“Russian World” Next Door: discourses of the Russian political communication and cultural diplomacy in Finland

Application summary

This project will analyse the discourses, ideas and images of the "Russian World" seen as a particular niche of Russia’s soft power and a geopolitical strategy aimed at moral and intellectual leadership in neighbouring countries. We employ a three-dimensional approach to this problem to understand its linguistic, visual and discursive character. First, the project explores the political discourse of Russian top politicians, addressed to an international audience and disseminated in digital media. This study will examine how non-democratic principles and conservative ideas are normalized in Russian political communication addressed to European partners. Second, it draws attention to discursive practices of Russian cultural diplomacy in Finland as a practical case study of the "Russian World" aimed at achieving cultural, moral and intellectual leadership in neighbouring countries. Third, it explores the visual dimension of both Russia's digitalized political communication and its cultural diplomacy in Finland to grasp the multimodal representations of the Russian World ideology.
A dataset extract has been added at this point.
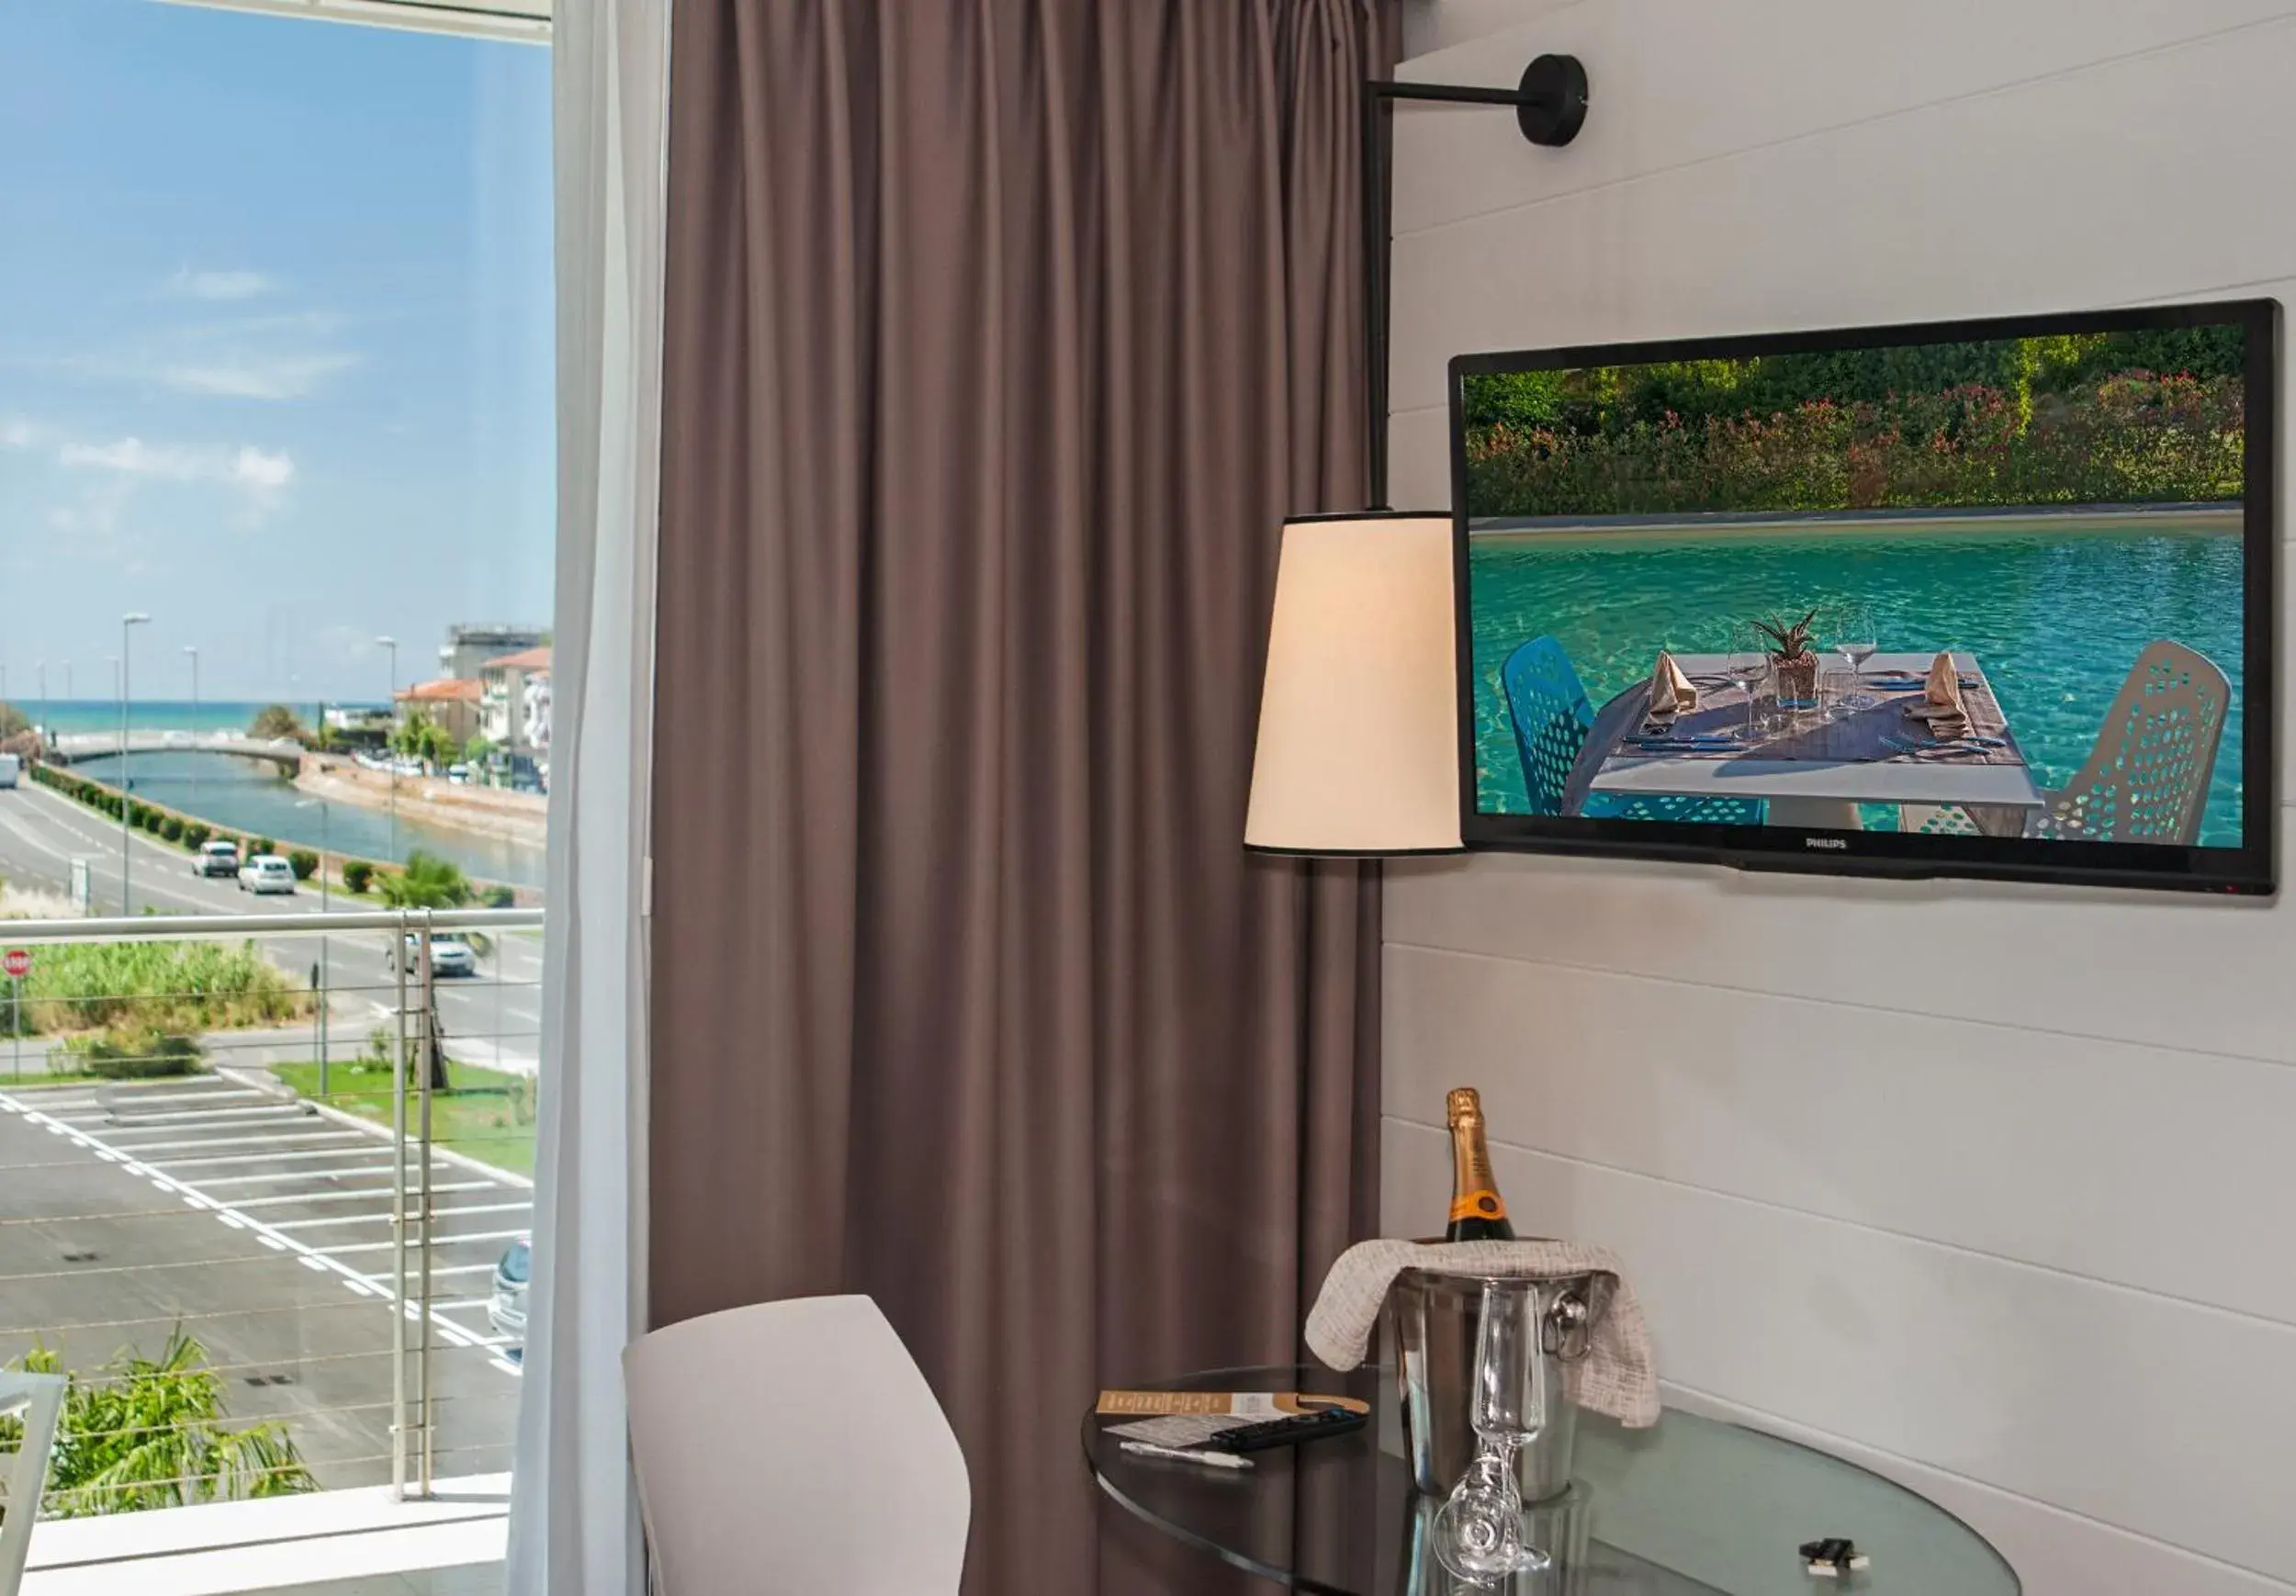 TV and multimedia, Pool View in Hotel Viareggio

The project aims to extend the knowledge of the "authoritarian challenge" that attempts to question the Western democratic order by promoting the principles of cultural conservatism and political authoritarianism. Our research will have instrumental and educational practical implications. First, drawing on a broad interdisciplinary perspective, our project will result in a Research Methods Guidebook for studying Russia’s cultural diplomacy. Second, we will contribute to the evaluation of the existing "cultural bridges" between Finland and Russia. The research is based on both primary and secondary sources of information. A combination of methods like critical discourse analysis, post-structural discourse analysis and visual discourse analysis will allow us to collect and comprehensively explore the data remotely in the current COVID-19 environment.